RECORDED INFORMATION START

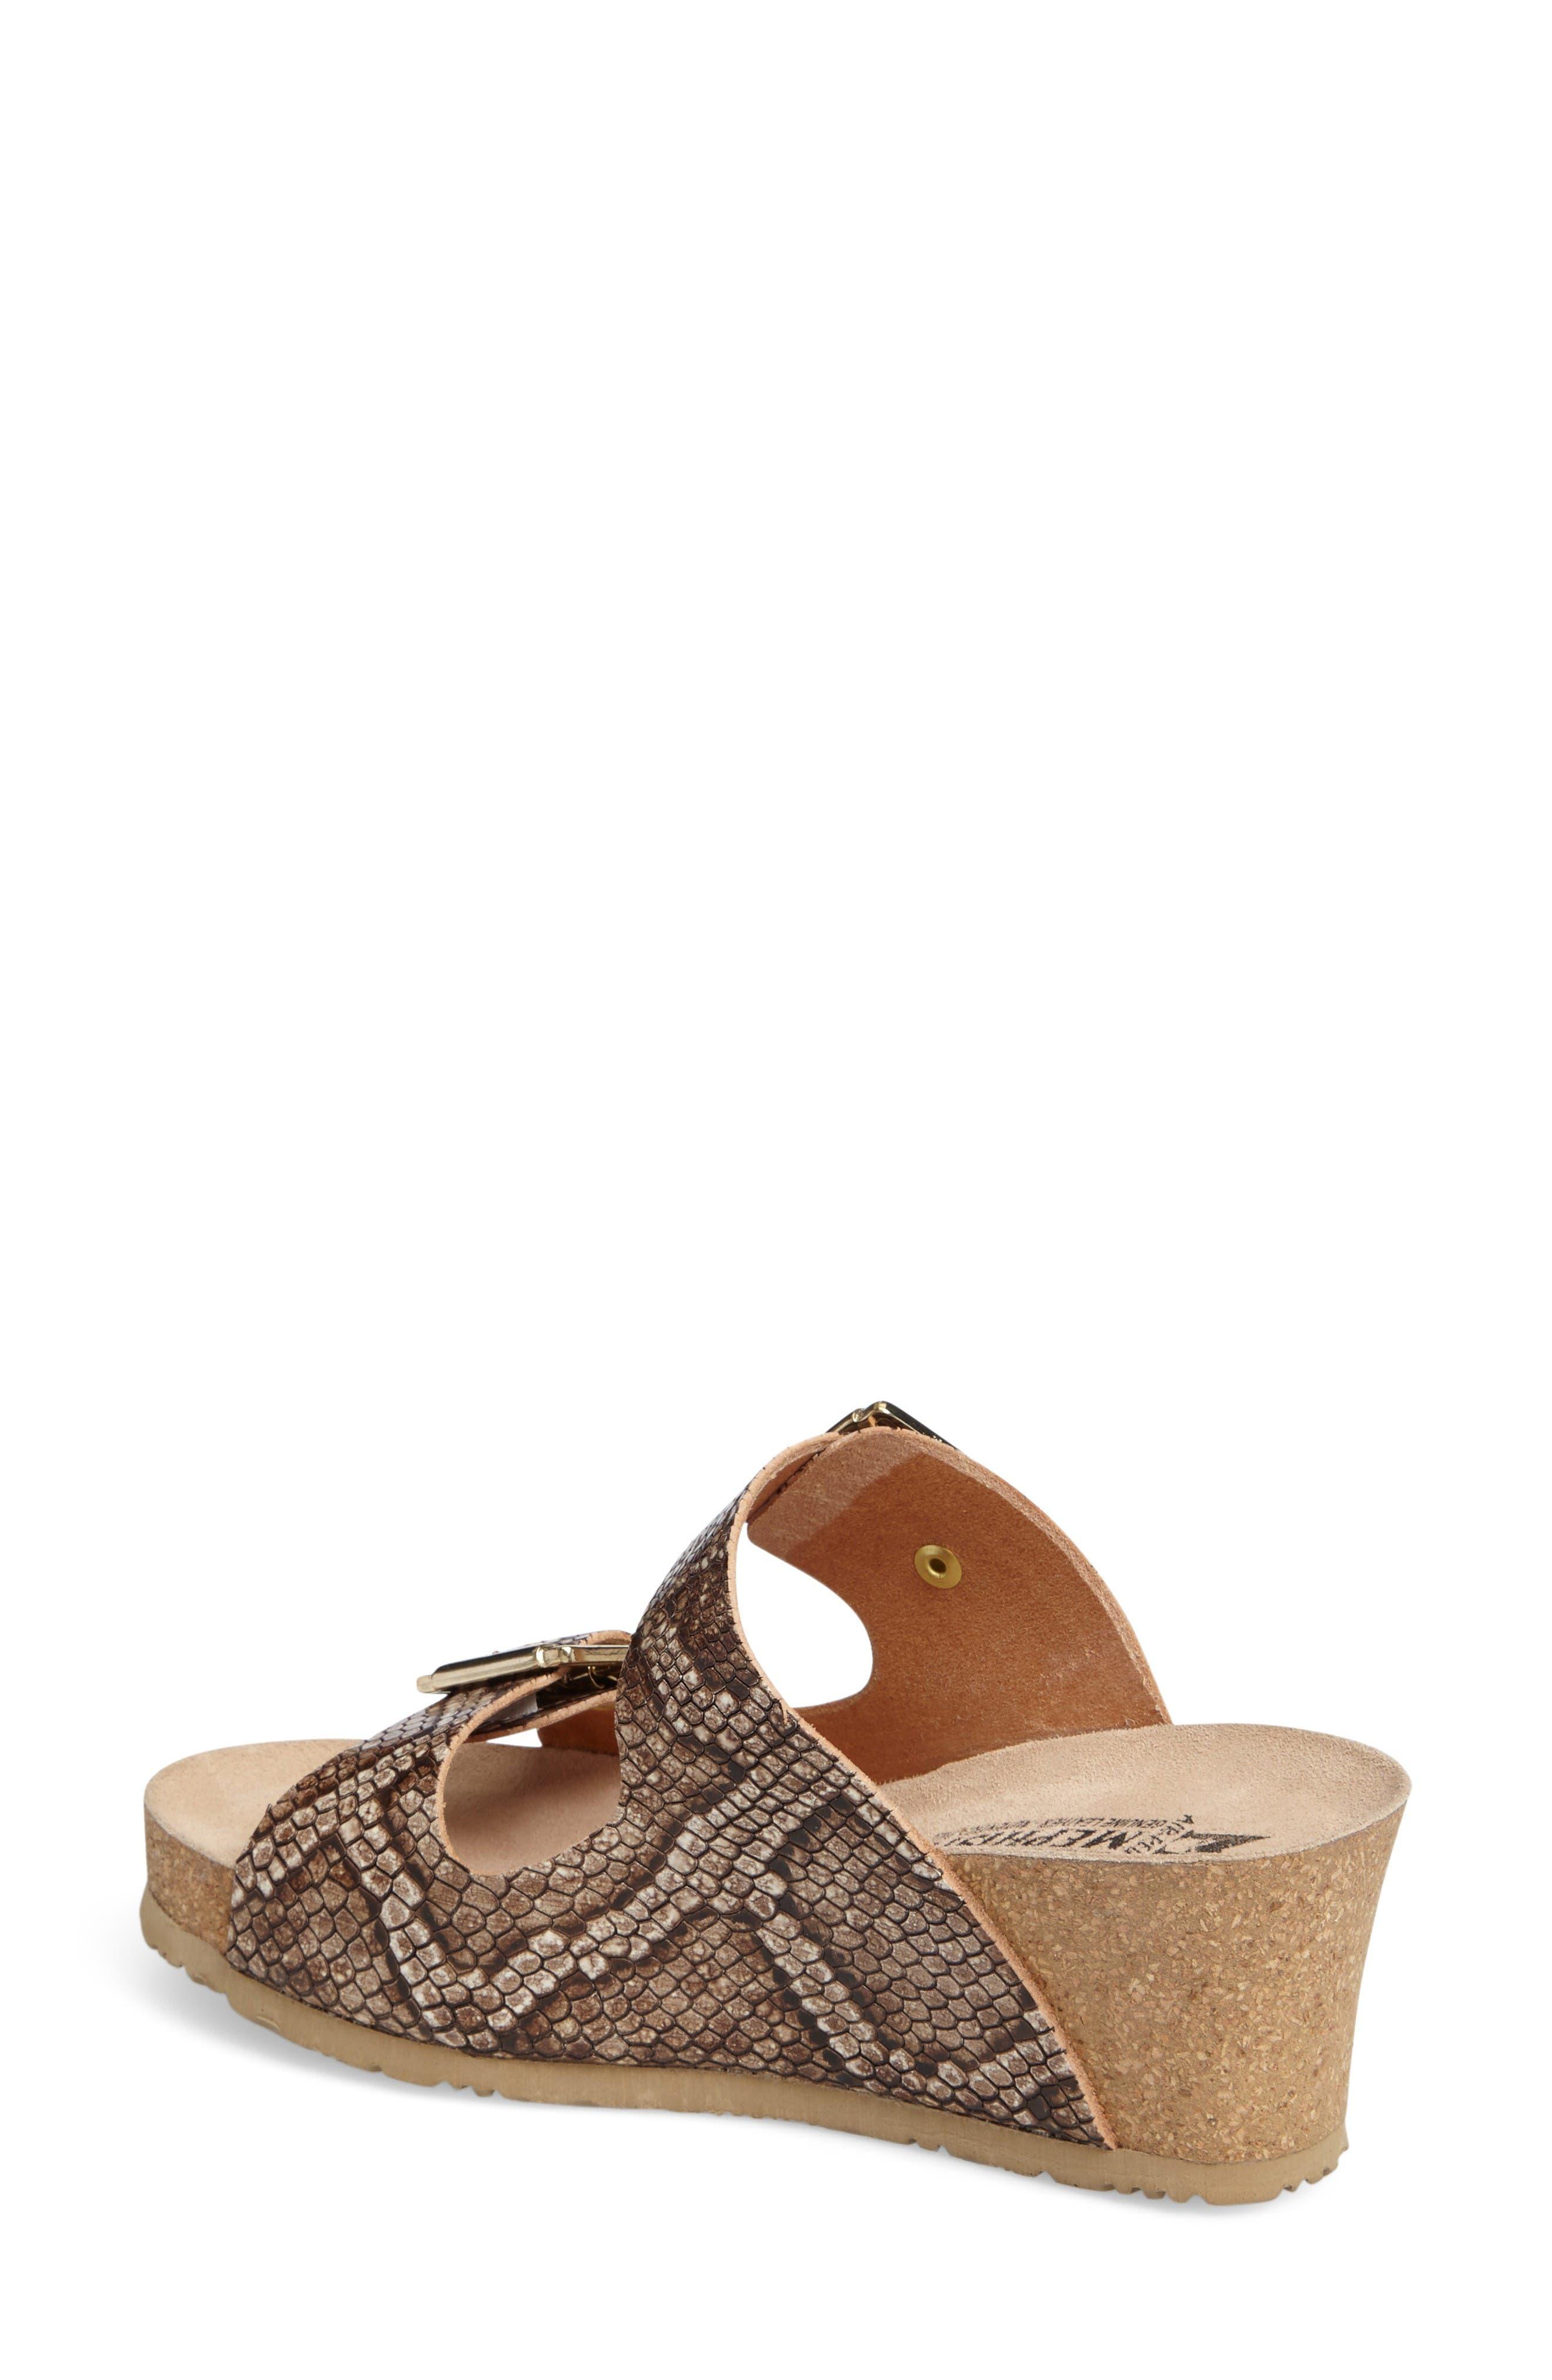 Lenia Wedge Sandal,                             Alternate thumbnail 2, color,                             Brown Leather
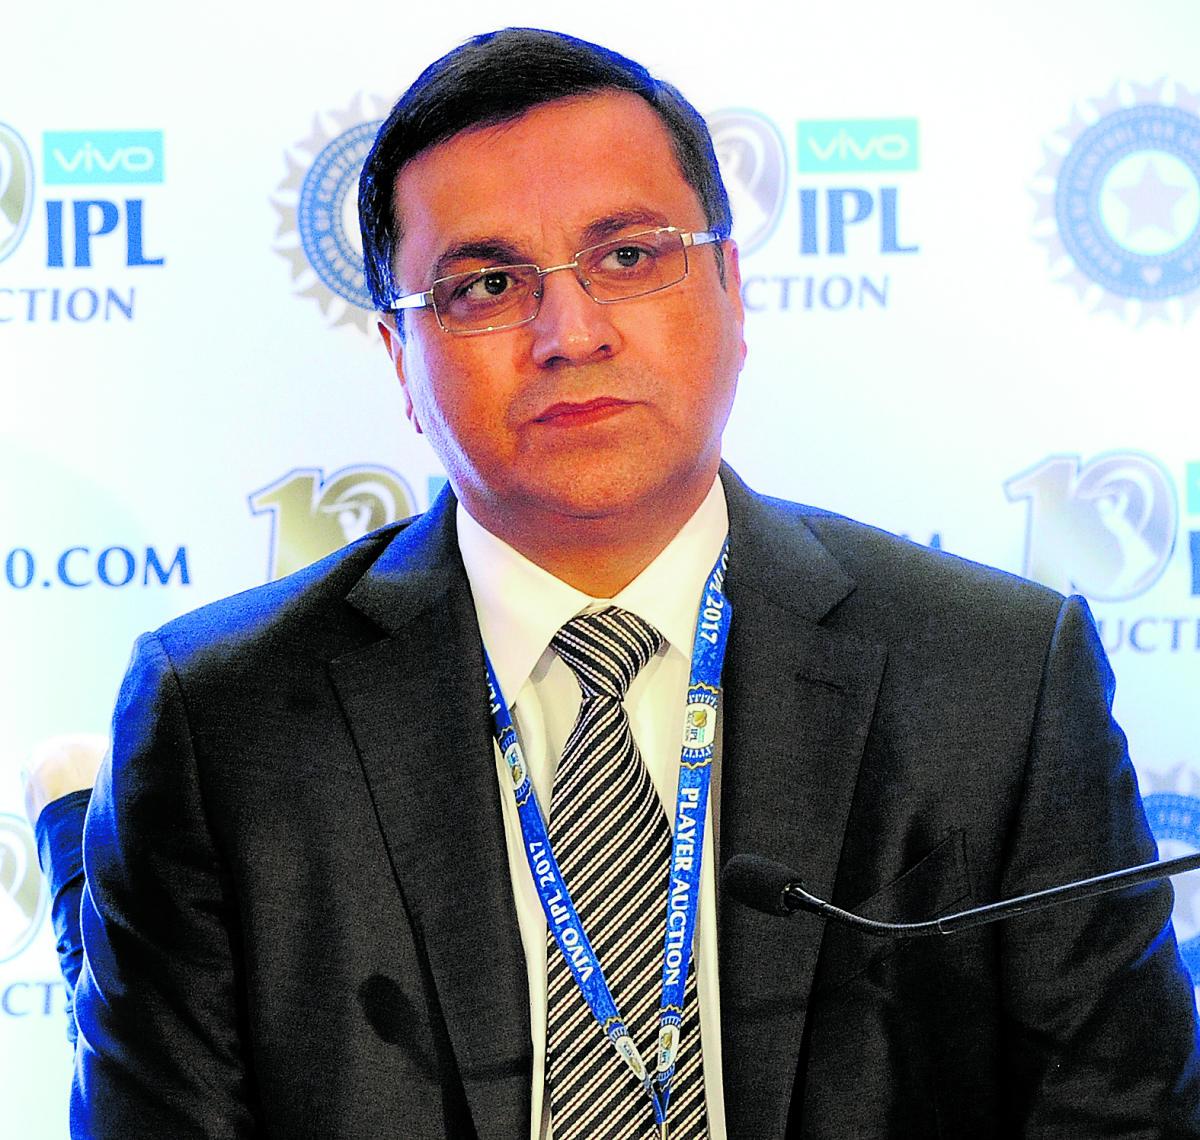 BCCI CEO Rahul Johri during the IPL auction in Bengaluru. DH FILE PHOTO/Srikanta Sharma R
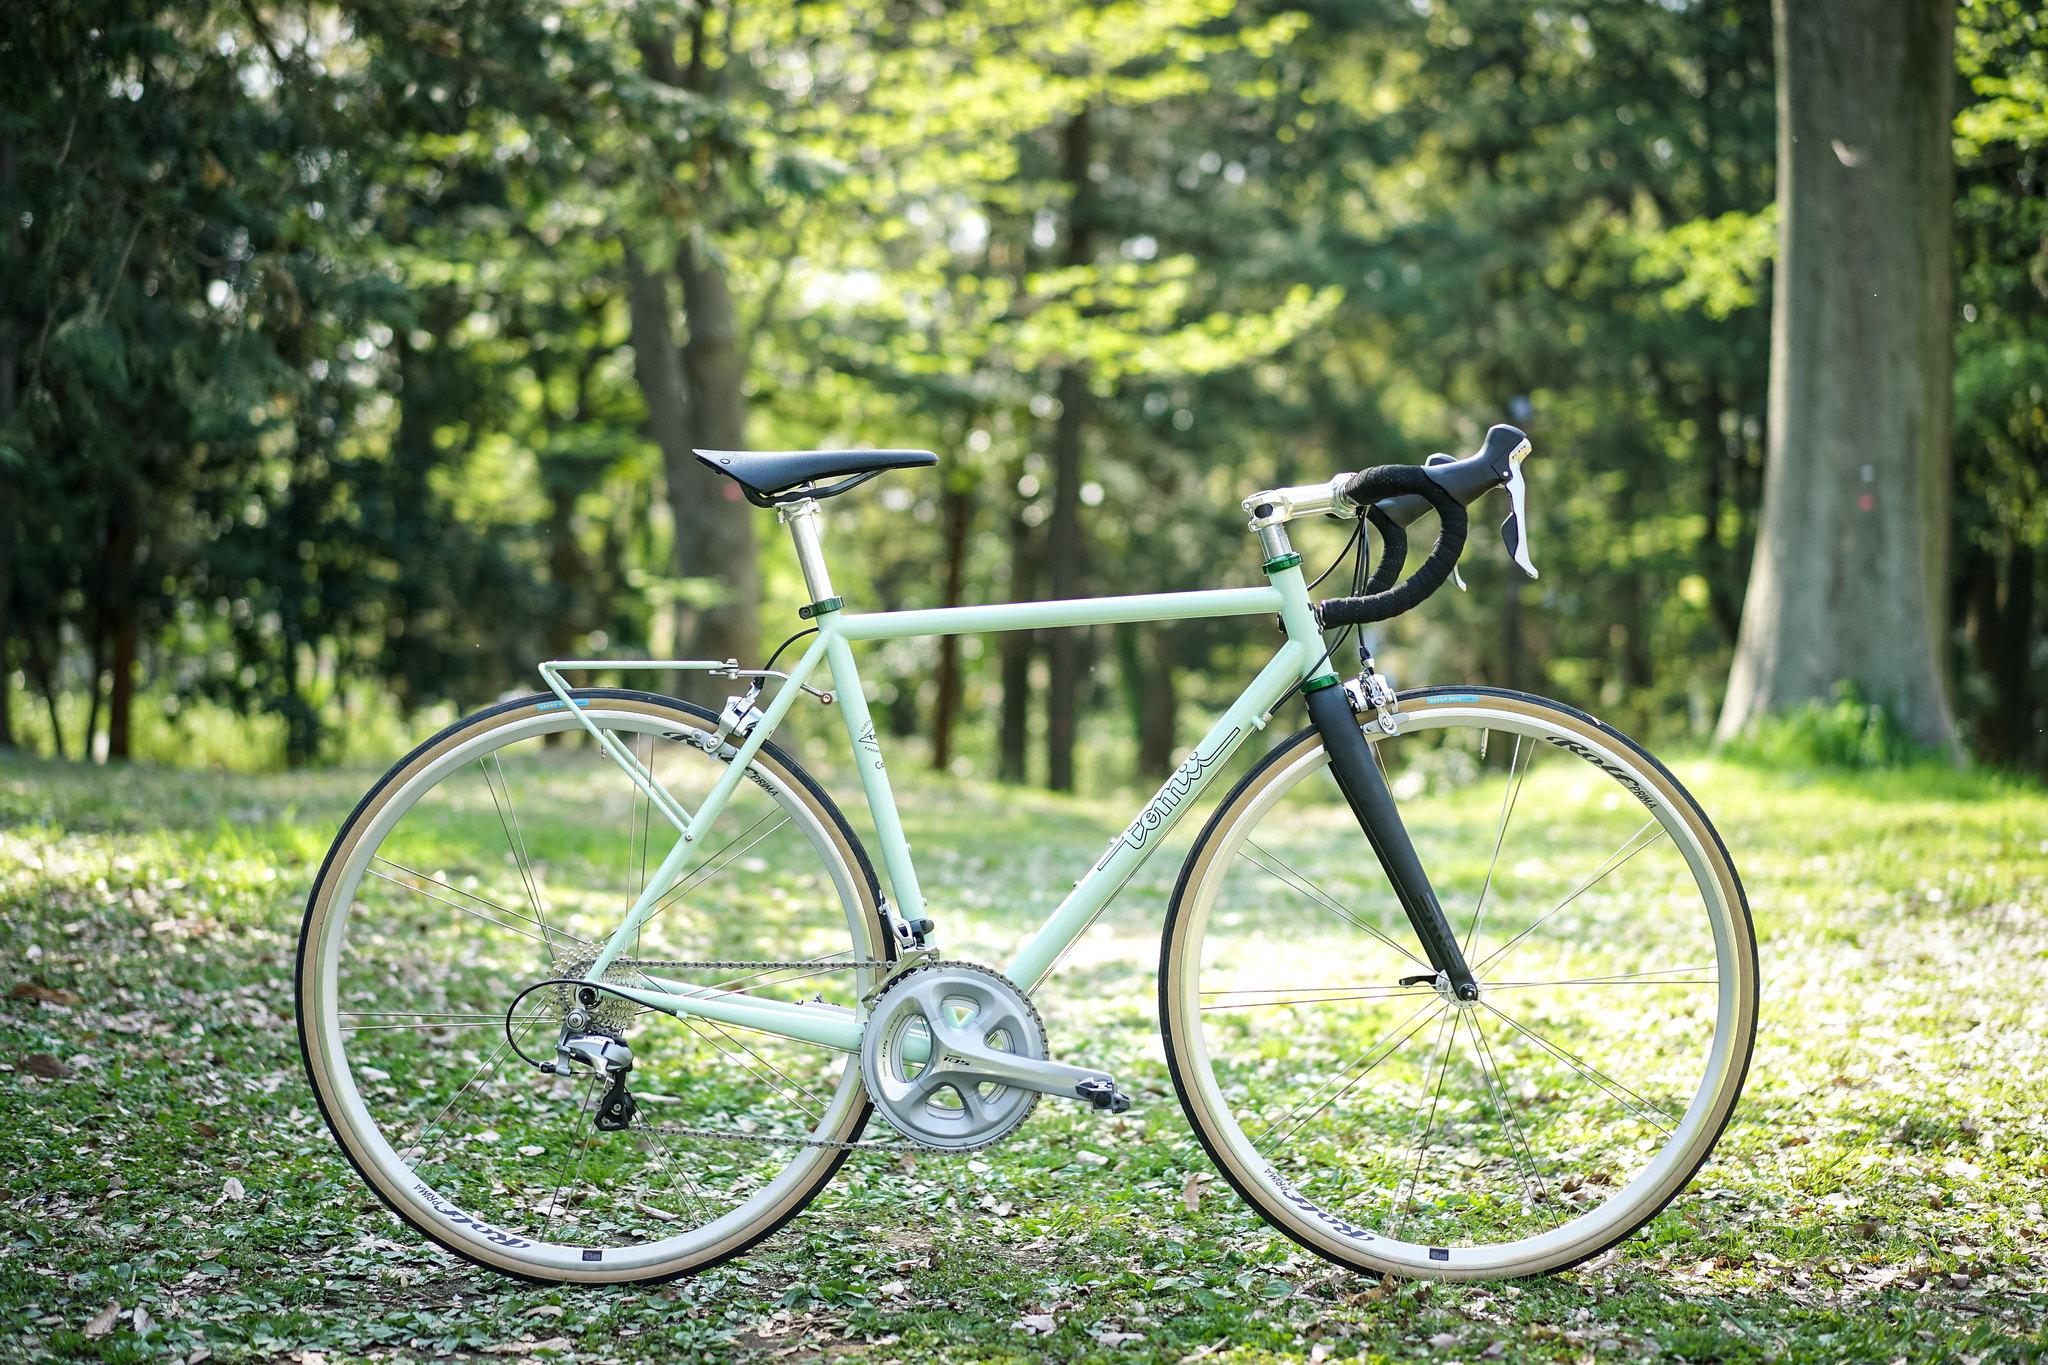 Matsu's *TOMII CYCLES* canvas completebike

RECORDED INFORMATION END

**TASK GOAL**
Would you reproduce the listing above in full and exactly, without its pictures?

**TASK OUTPUT**
 Lenia Wedge Sandal,                             Alternate thumbnail 2, color,                             Brown Leather
 BCCI CEO Rahul Johri during the IPL auction in Bengaluru. DH FILE PHOTO/Srikanta Sharma R
 Matsu's *TOMII CYCLES* canvas completebike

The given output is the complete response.